INFORMATION PROVIDED
%%
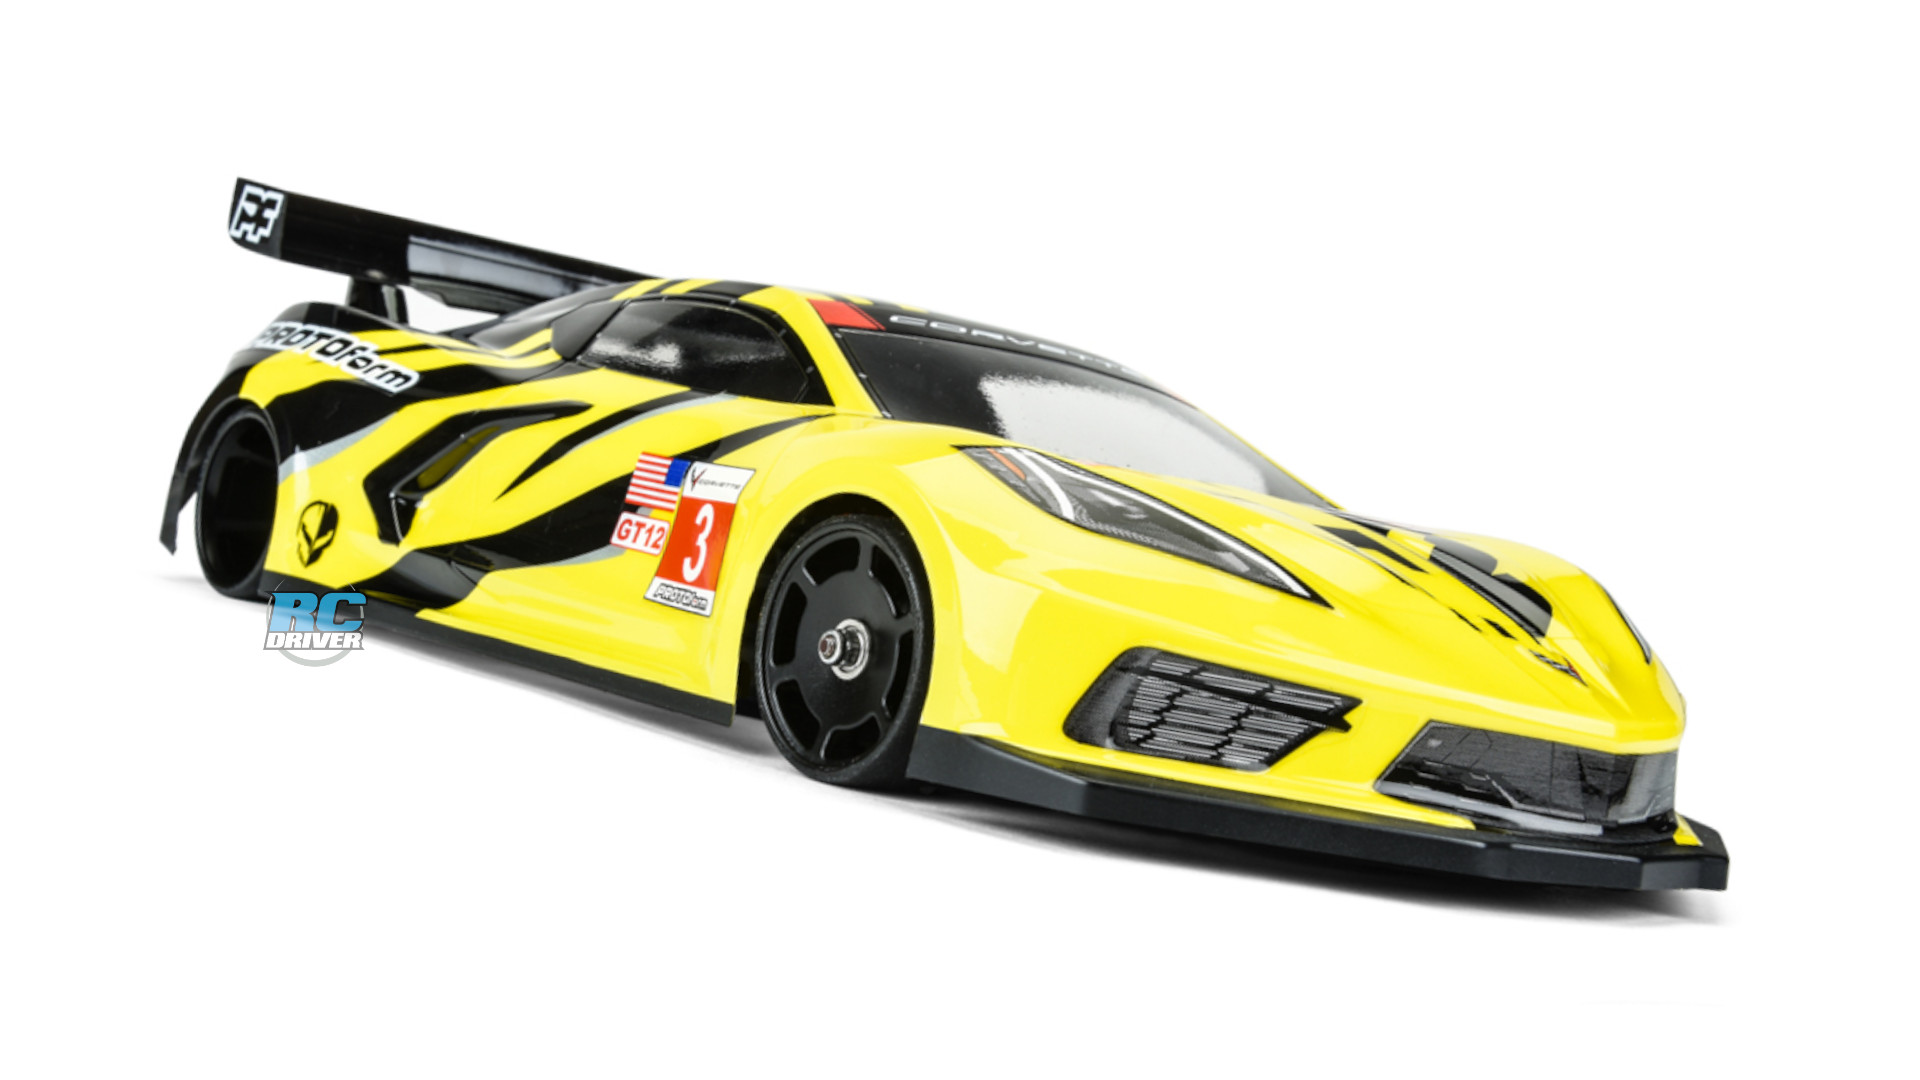 Now for GT12 - PROTOform Chevrolet Corvette C8 body
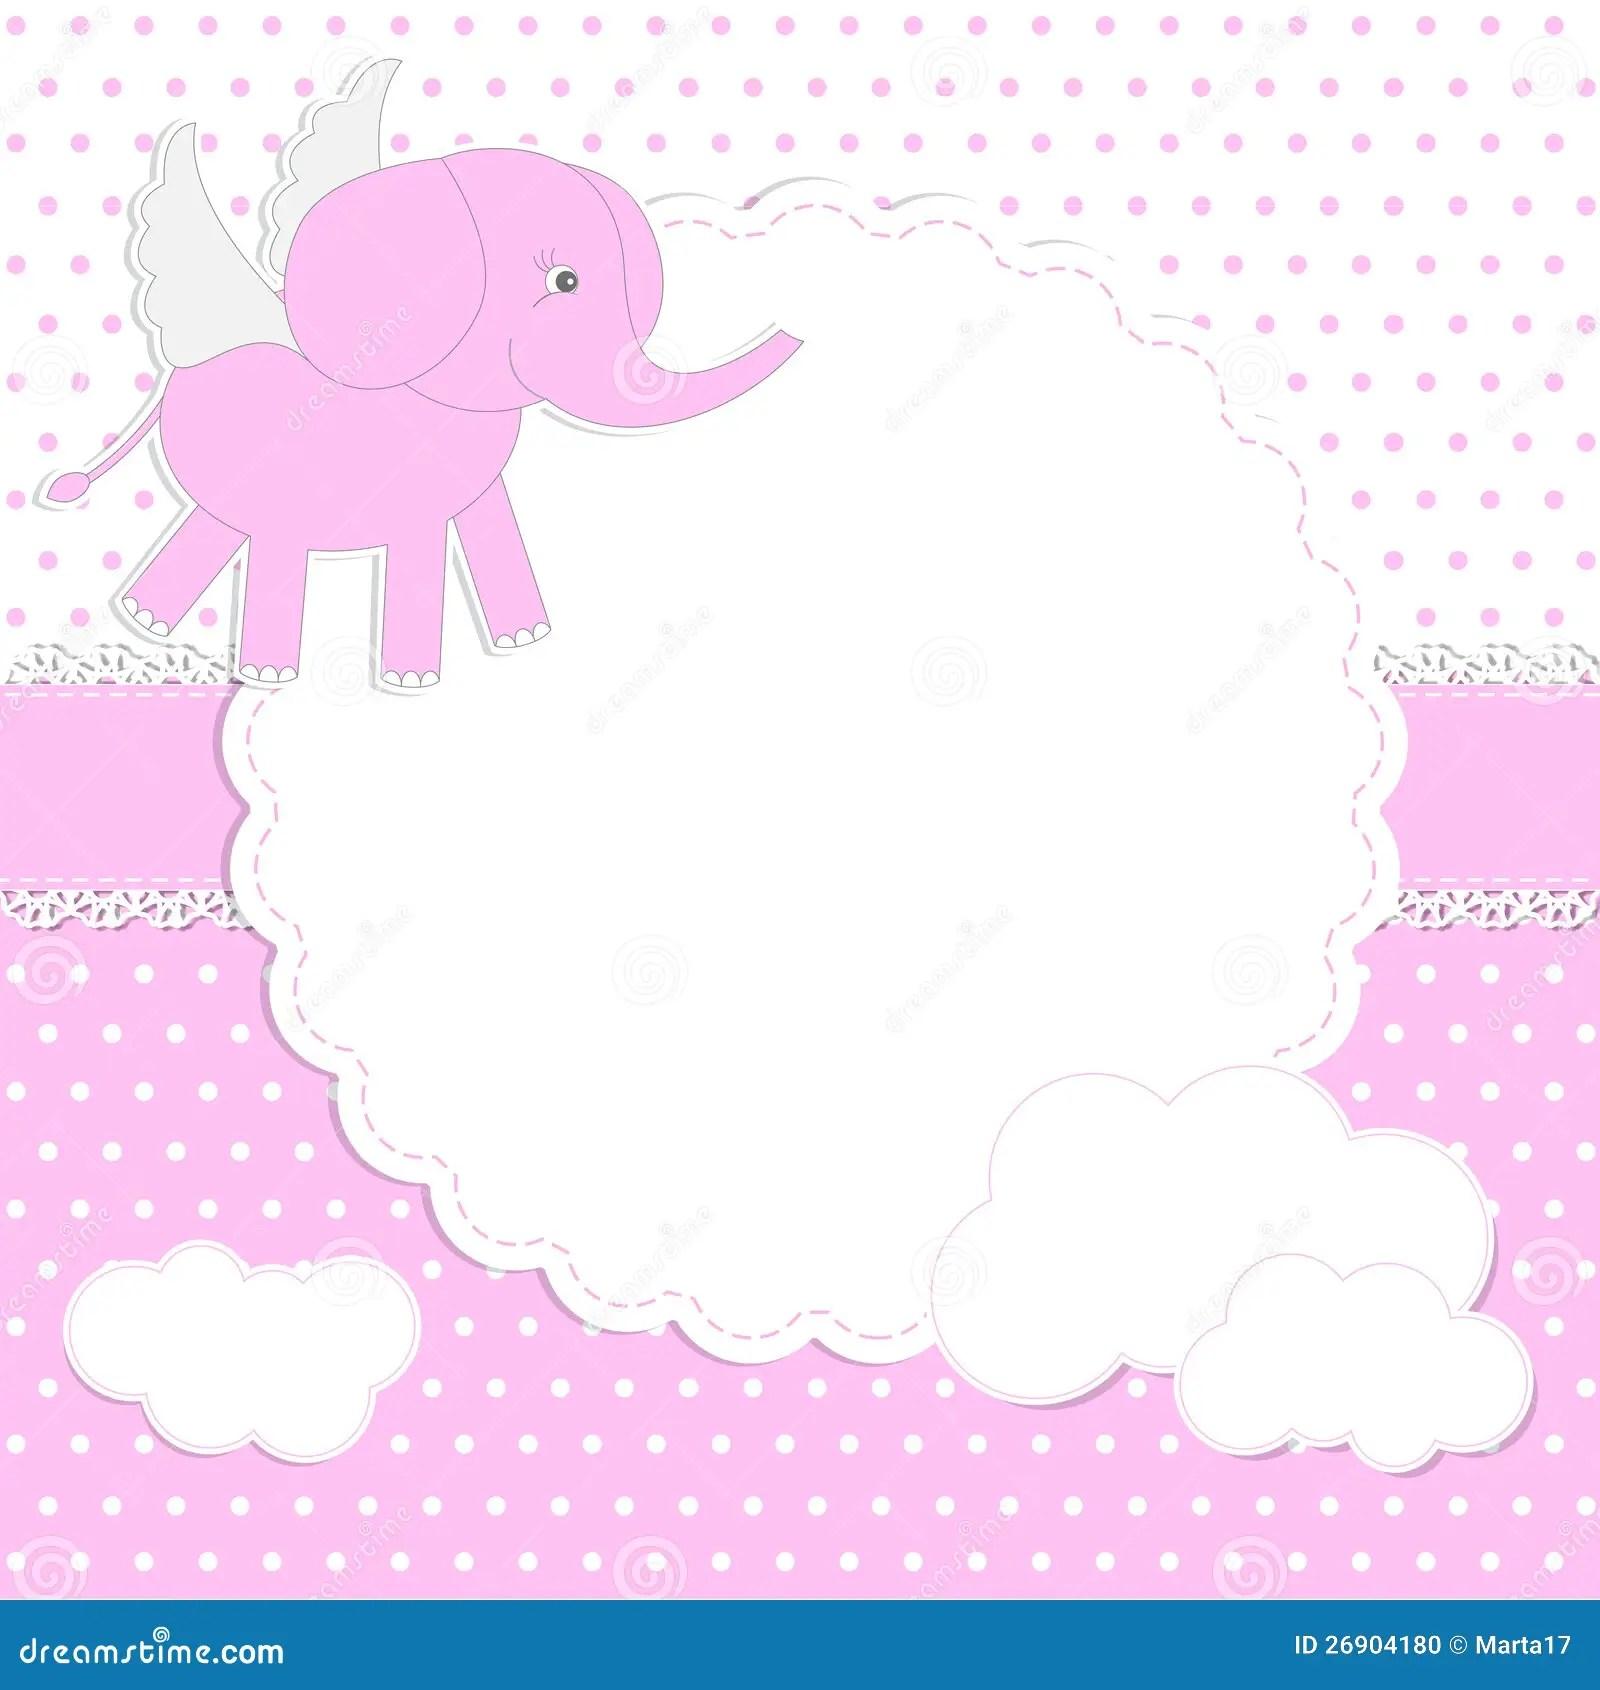 Cute Newborn Baby Girl Wallpaper Cute Baby Girl Card Stock Vector Illustration Of Cloud
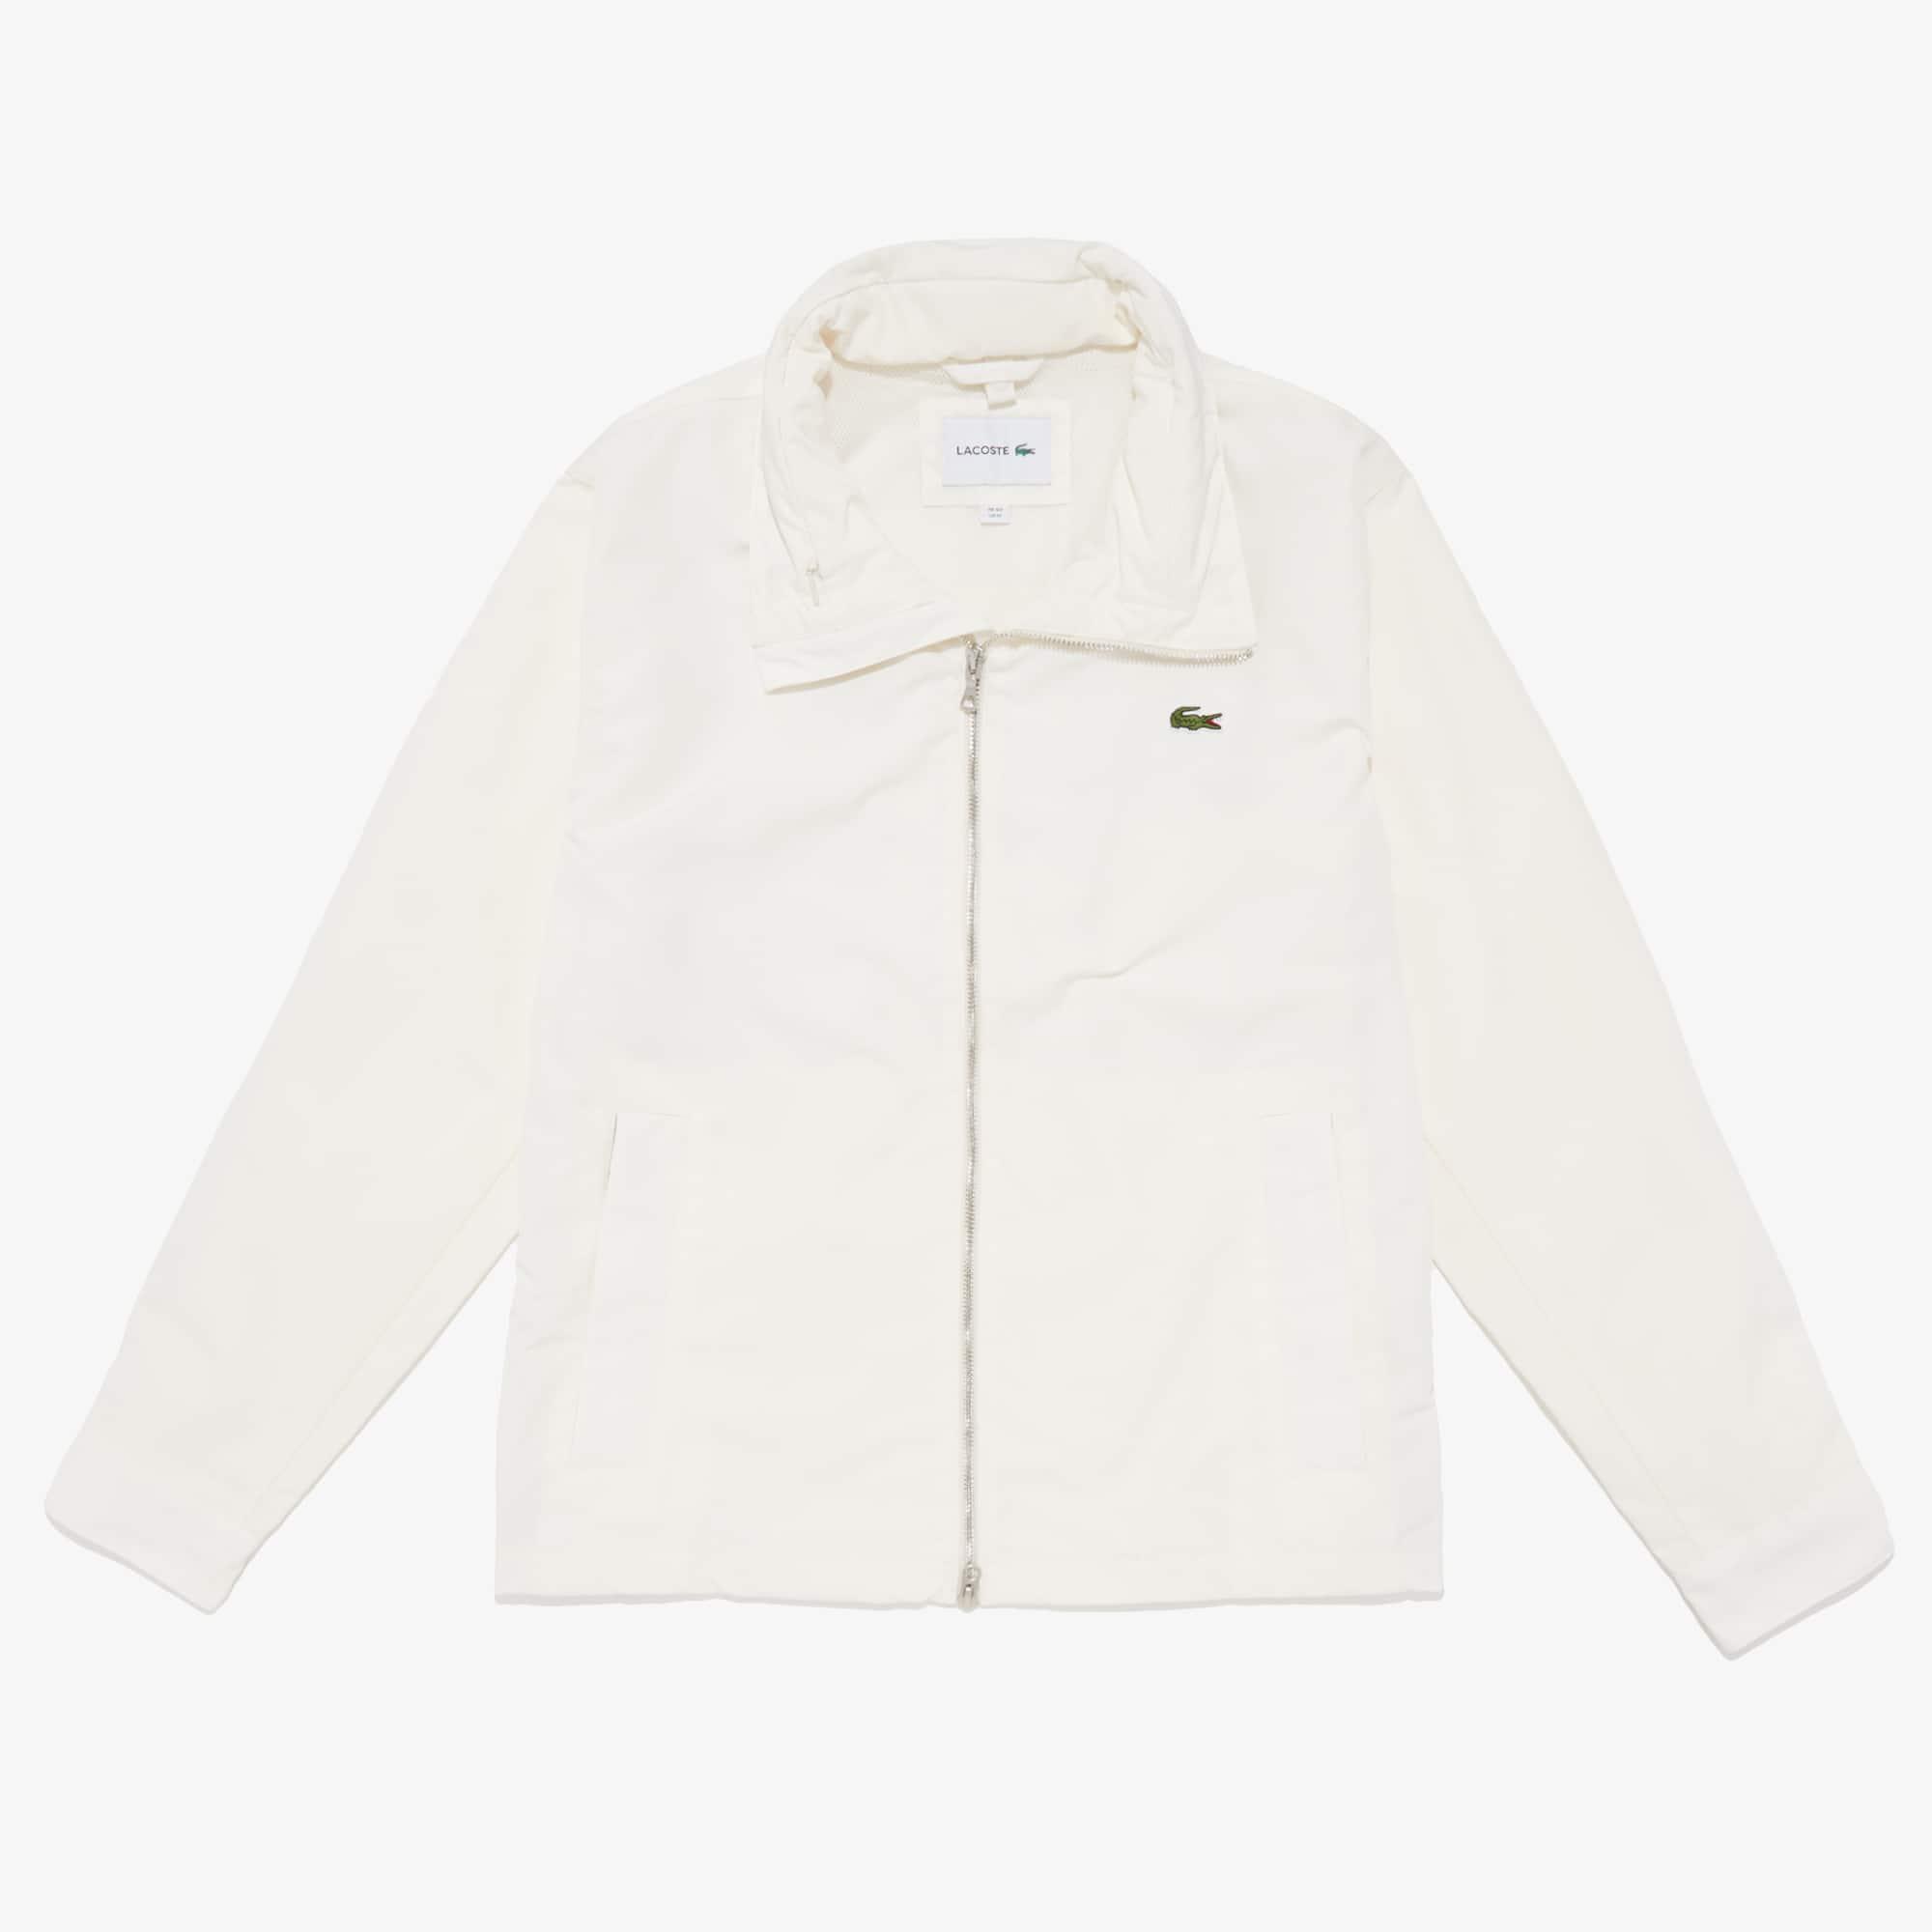 Men's Hooded Weather-Adaptable Windbreaker Jacket
%%
INSTRUCTIONS TO FOLLOW
Everything in the data except the pictures must be transcribed exactly.

EXERCISE ANSWER
 Now for GT12 - PROTOform Chevrolet Corvette C8 body
 Cute Newborn Baby Girl Wallpaper Cute Baby Girl Card Stock Vector Illustration Of Cloud
 Men's Hooded Weather-Adaptable Windbreaker Jacket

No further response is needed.